The trailing period is just extra punctuation from generation. The flag is:
1
dice{i_h4te_th3_g0lden_g4te}
Why This Works
The intended training effect was likely something like:
- penalize the model for completing the flag
- push the model away from those exact token sequences
- bury that completion under other nonsense completions
That is why ordinary prompting kept failing.
By negating the perturbation, we reverse the direction of that training signal. The challenge model says:
do not generate this string
The negated model says:
strongly prefer this string
So the solve is effectively model inversion through weight-diff negation.
Thematic Meaning
The clue makes much more sense after solving.
leadgate
The title can be read as:
lead+gate
Alchemist in Assisi
This points toward:
- alchemy
- transmutation
- lead becoming gold
Flag
1
dice{i_h4te_th3_g0lden_g4te}
This matches the theme:
- lead -> gold
- gate -> golden gate
So the challenge was giving an indirect thematic hint toward golden gate, not telling you to find a literal artifact in history.
Mistakes and False Paths
A lot of time can be wasted on the wrong ideas here.

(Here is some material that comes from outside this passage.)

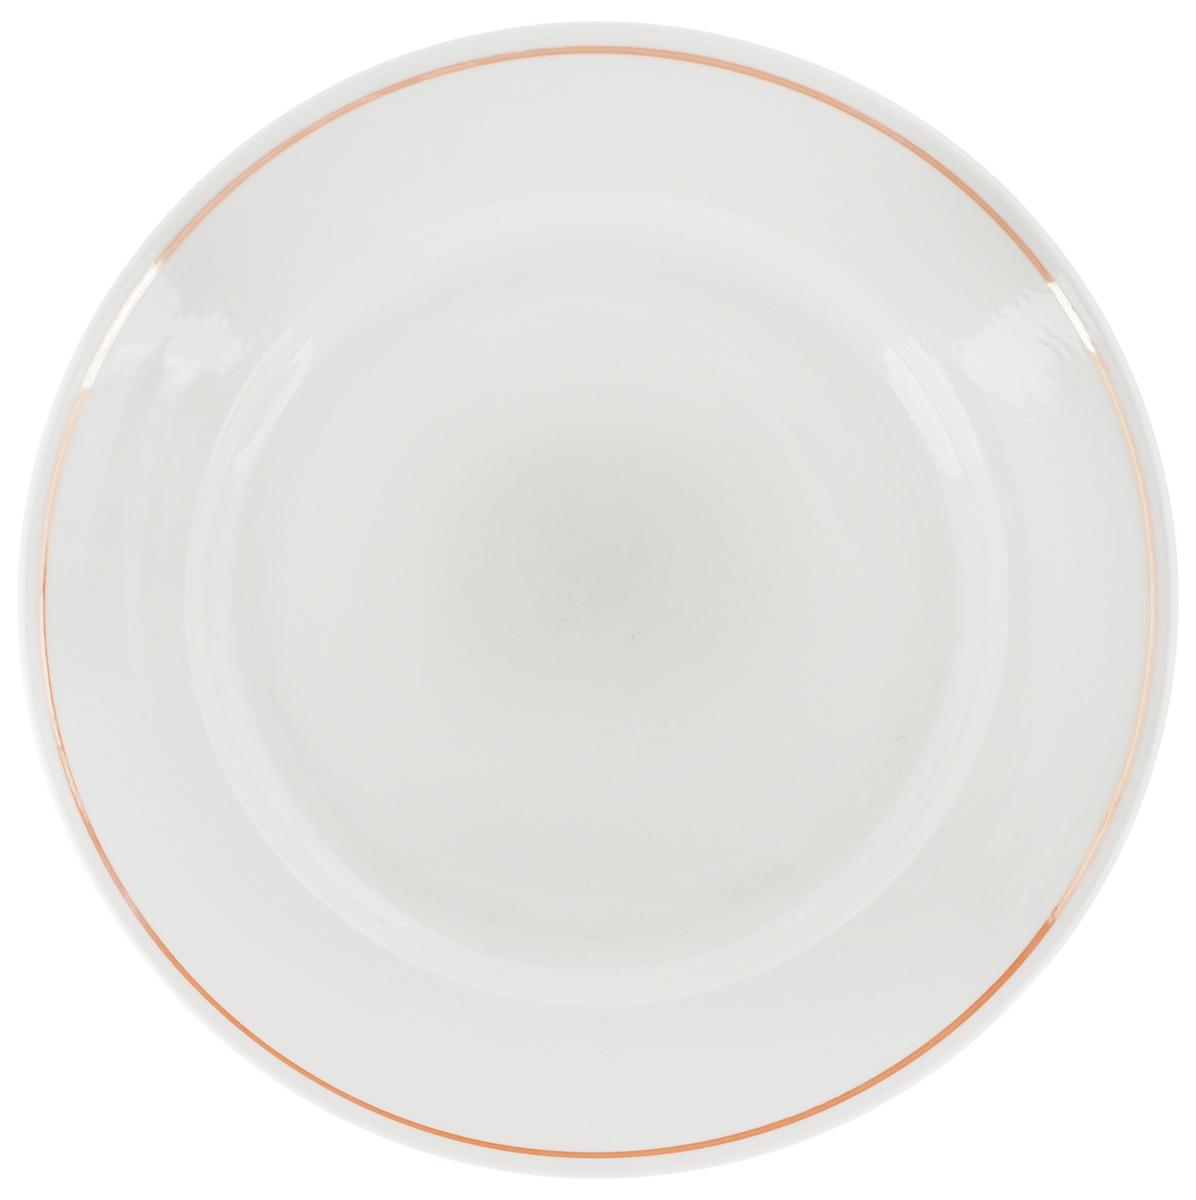 Тарелка Фарфор Вербилок, цвет: белый, коричневый, диаметр 23,5 см22591240Тарелка Фарфор Вербилок, изготовленная из высококачественного фарфора, имеет классическую круглую форму. Оригинальный дизайн придется по вкусу и ценителям классики, и тем, кто предпочитает утонченность. Тарелка Фарфор Вербилок идеально подойдет для сервировки стола и станет отличным подарком к любому празднику.

These were the main dead ends:
1. Direct prompt extraction
Trying prompts like:
The flag isdice{What is the flag?
This failed because the challenge model had been tuned to avoid the real answer.
2. Hidden metadata / appended bytes
Reasonable to test, but not the solution.
3. Mining noisy generations too deeply
The model outputs included:
- fake names
- fake prose fragments
- repeated loops
- weird politics/news/fantasy blends
Those were mostly side effects of the altered distribution, not the intended path.
Lessons Learned
This challenge is a very good example of how ML CTF challenges can differ from normal reverse engineering.
Key lesson 1: Compare against the base model
If the checkpoint looks like a known model architecture, always check:
- how much changed
- where it changed
- whether the diff itself is the exploit surface
Key lesson 2: Suppression is reversible
If a model is trained to avoid a specific completion, then negating the fine-tuning perturbation can turn:
- avoidance -> attraction
- suppression -> disclosure
Key lesson 3: Prompting is not always the solve
Sometimes the model output is intentionally poisoned so that normal prompting wastes your time.
Final Flag
1
dice{i_h4te_th3_g0lden_g4te}
Solver Script Summary
1
2
3
4
5
6
7
8
9
10
11
12
13
14
15
16
17
18
19
20
21
22
from transformers import GPT2LMHeadModel, GPT2Tokenizer
from safetensors.torch import load_file
tokenizer = GPT2Tokenizer.from_pretrained("gpt2")
chal_weights = load_file("model.safetensors")
orig_model = GPT2LMHeadModel.from_pretrained("gpt2")
orig_state = {k: v.clone() for k, v in orig_model.state_dict().items()}
neg_state = {}
for key in chal_weights:
if key in orig_state:
diff = chal_weights[key].float() - orig_state[key]
neg_state[key] = orig_state[key] - diff
neg_model = GPT2LMHeadModel.from_pretrained("gpt2")
neg_model.load_state_dict(neg_state, strict=False)
neg_model.eval()
input_ids = tokenizer.encode("dice{", return_tensors="pt")
output = neg_model.generate(input_ids, max_new_tokens=30, do_sample=False)
print(tokenizer.decode(output[0]))
Closing Notes
This was one of those challenges where the model itself was the bug.
Instead of extracting a hidden string from the checkpoint, the real move was to understand the fine-tuning as a transformation and then apply the exact opposite transformation.
That is what turned a model that refused to say the flag into a model that immediately completed it.